◆ Exercise prompt
Give the number of lines below with "vase" in them, leaving out anything else.

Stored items
● ● ●

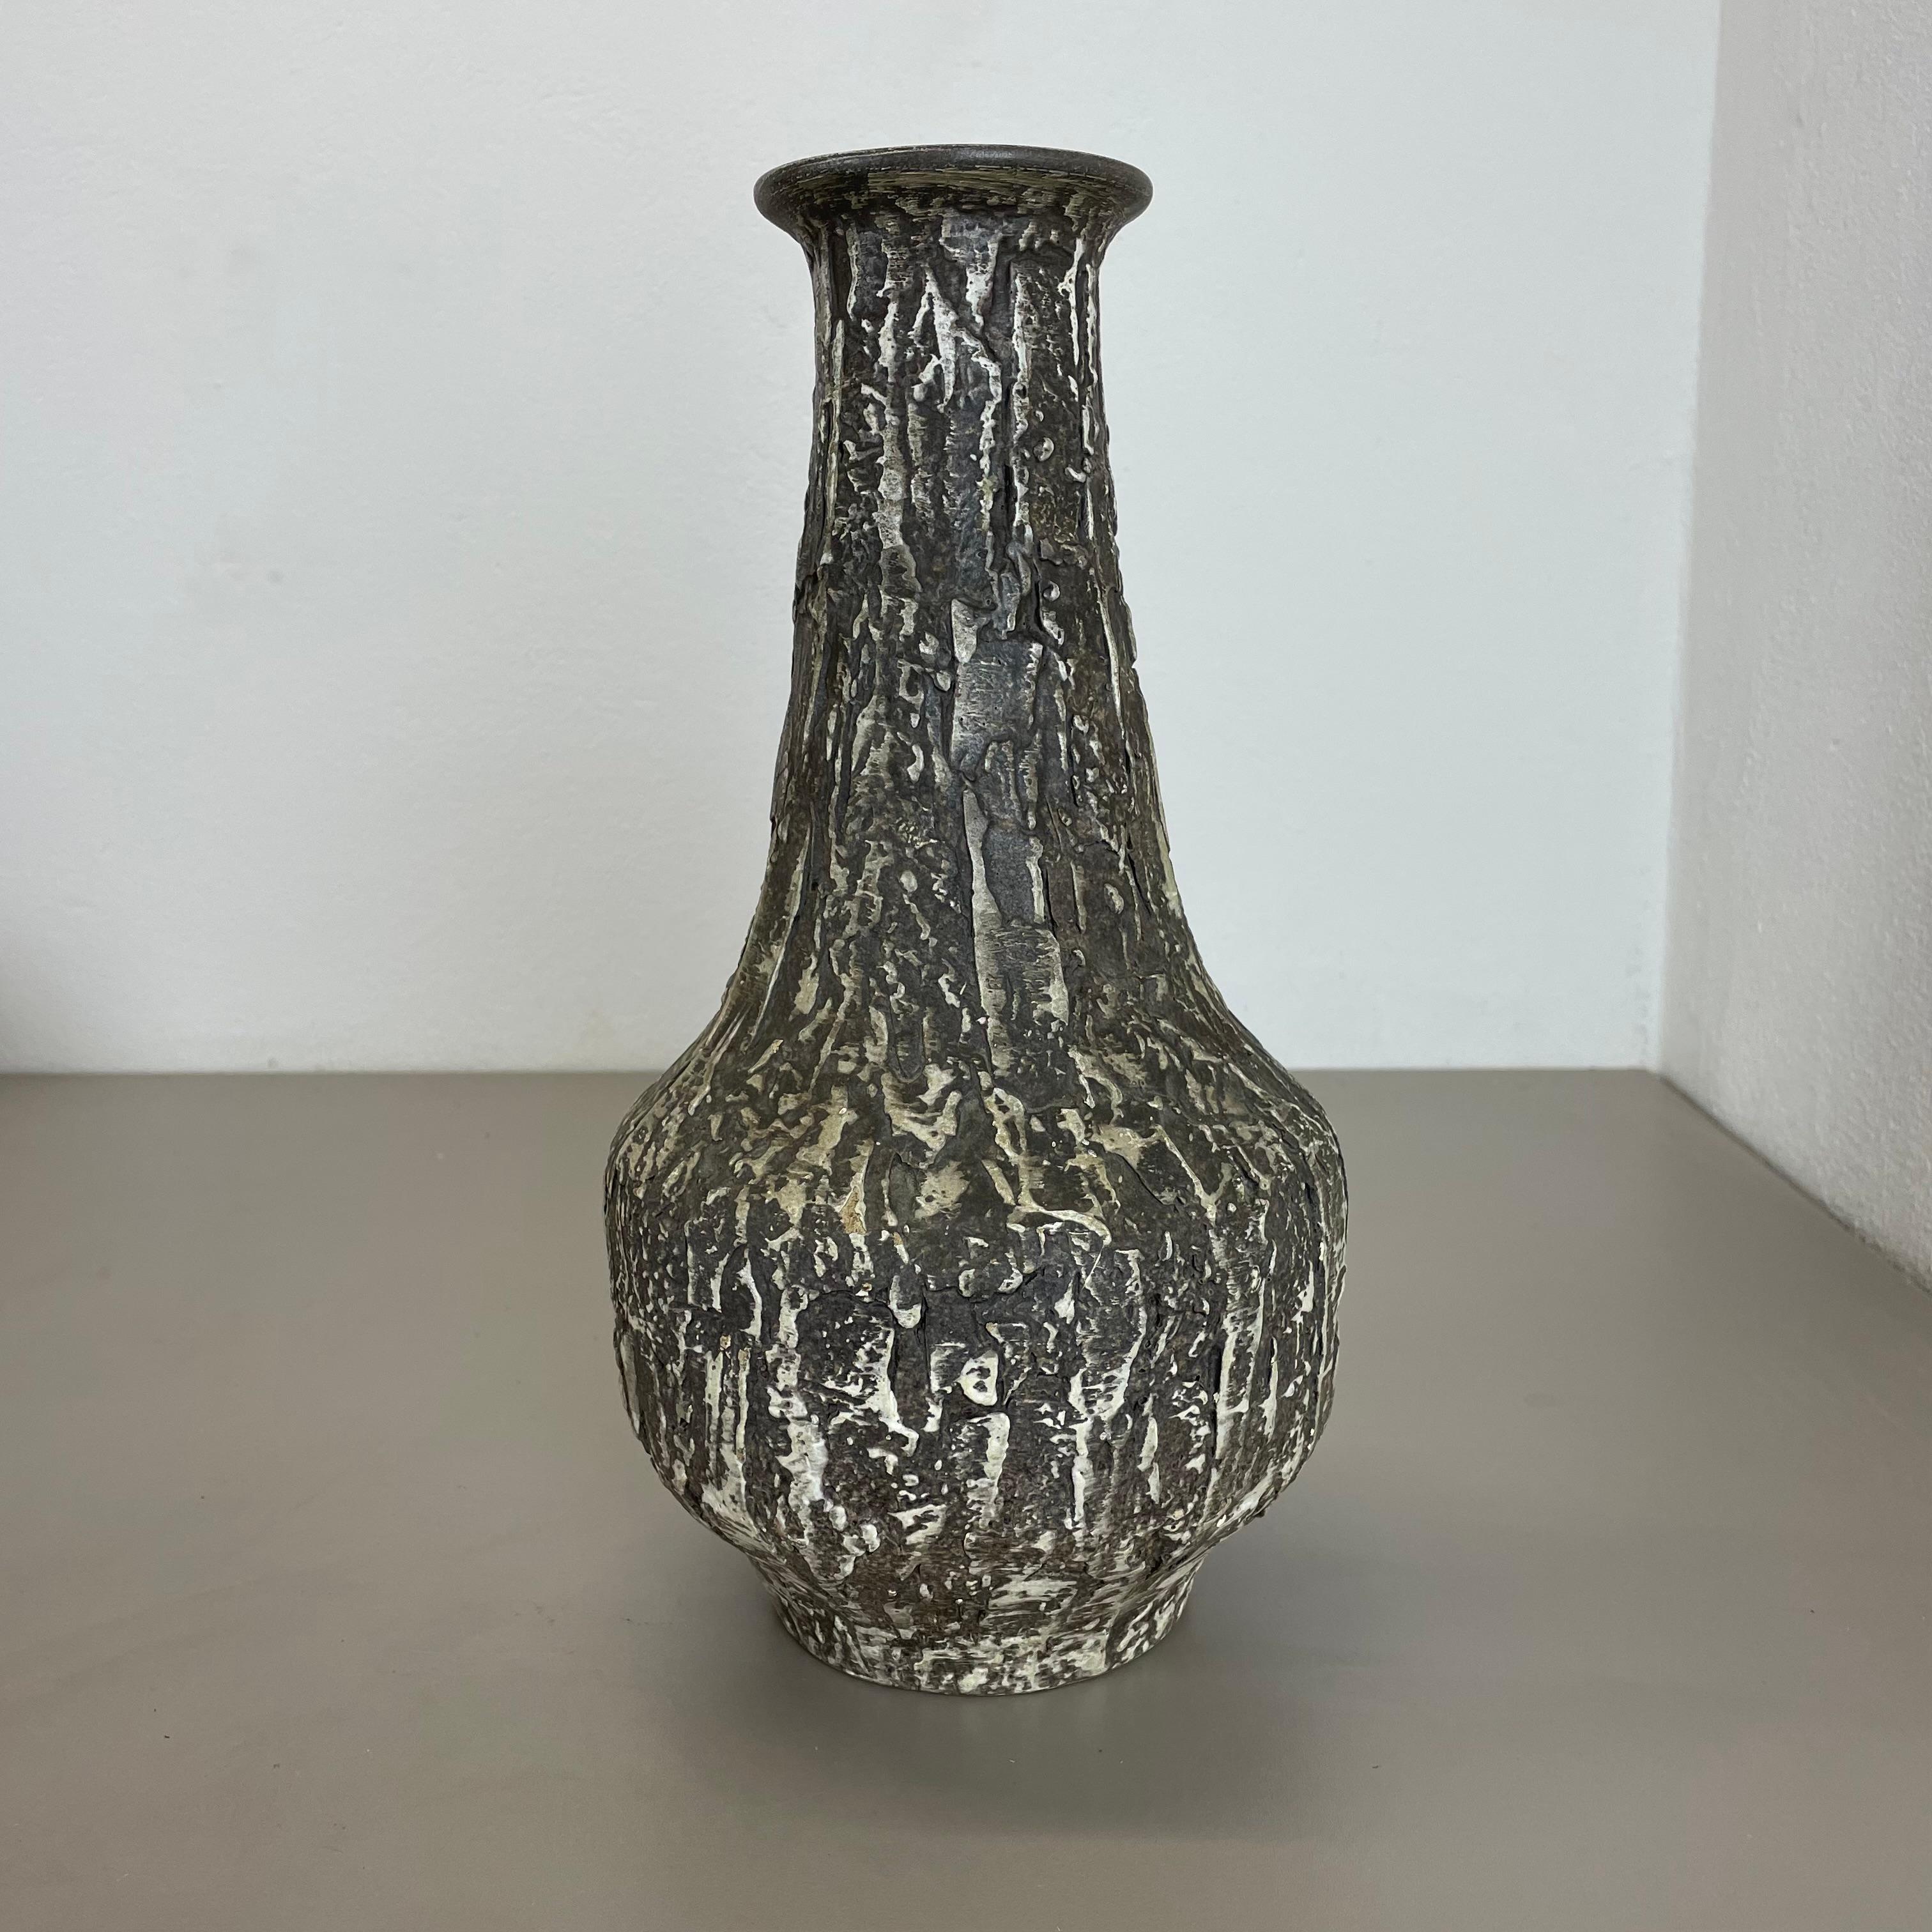 Article:

Pottery ceramic vase 


Producer:

ILKRA Ceramics, Germany


Decade:

1970s





Original vintage 1970s pottery ceramic vase made in Germany. High quality German production with a nice abstract brutalist surface glaze. The vase was
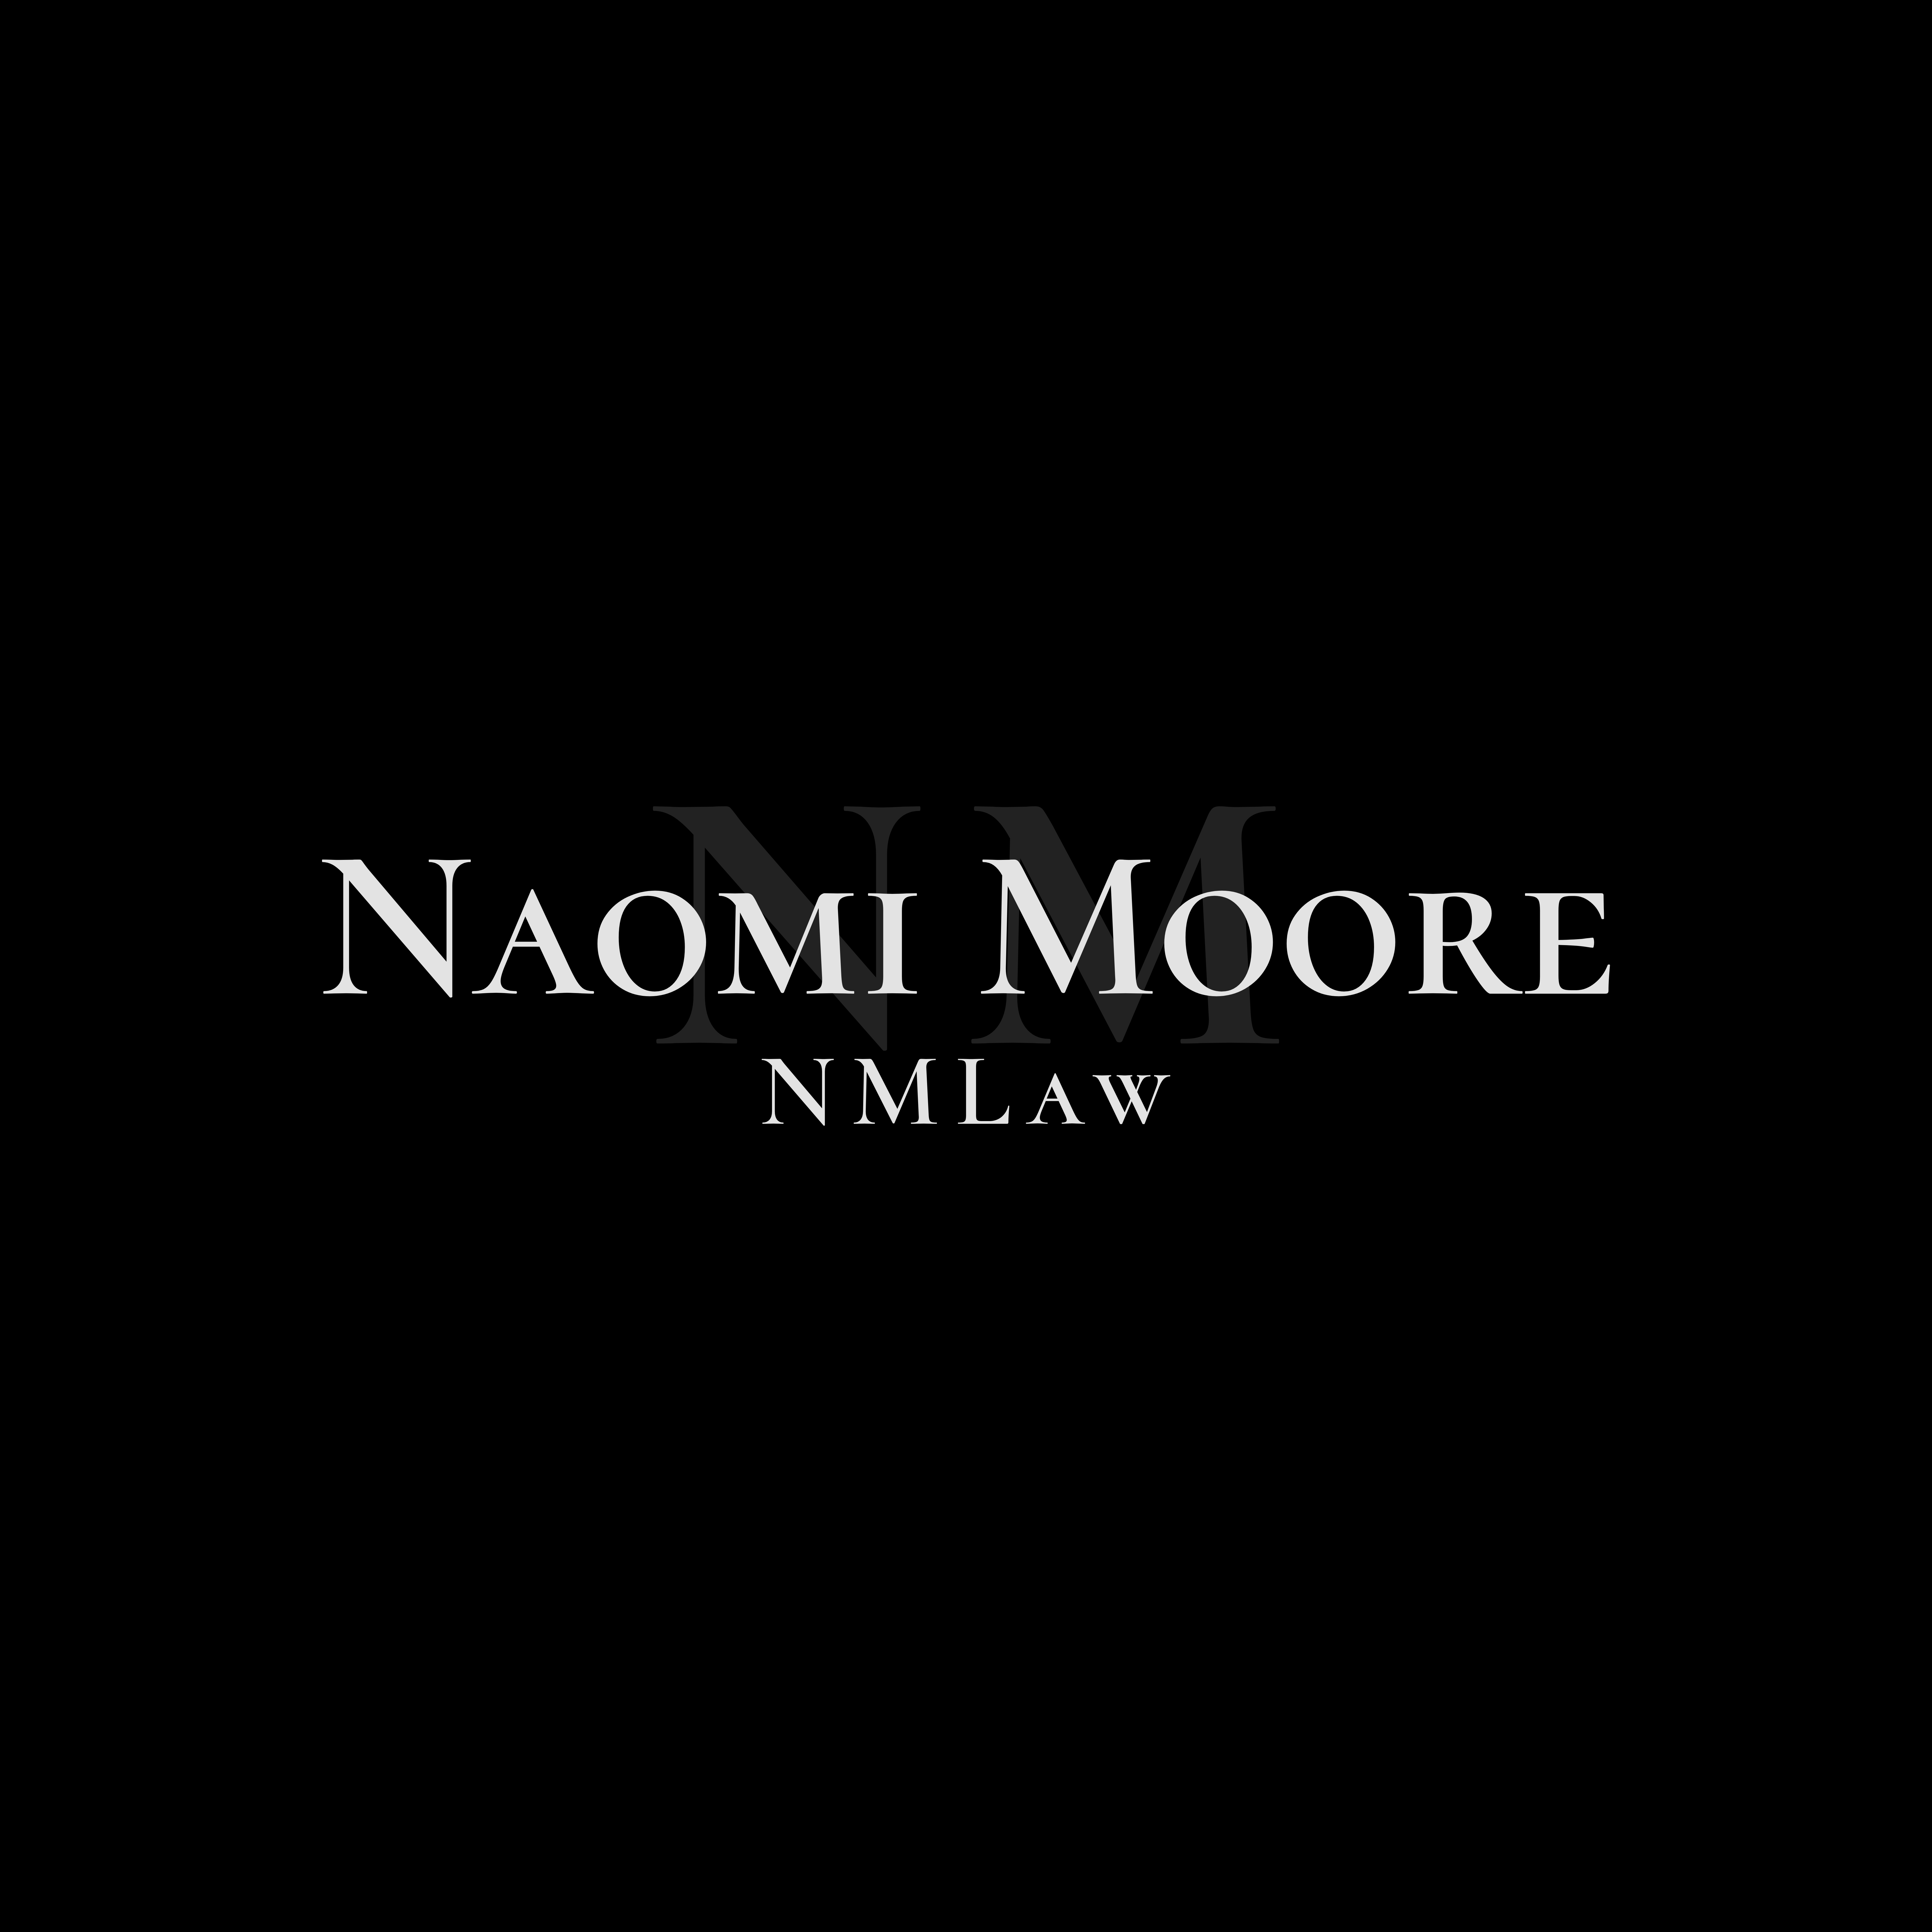 Naomi Moore Freelance Solicitor

● ● ●

◆ Solution
2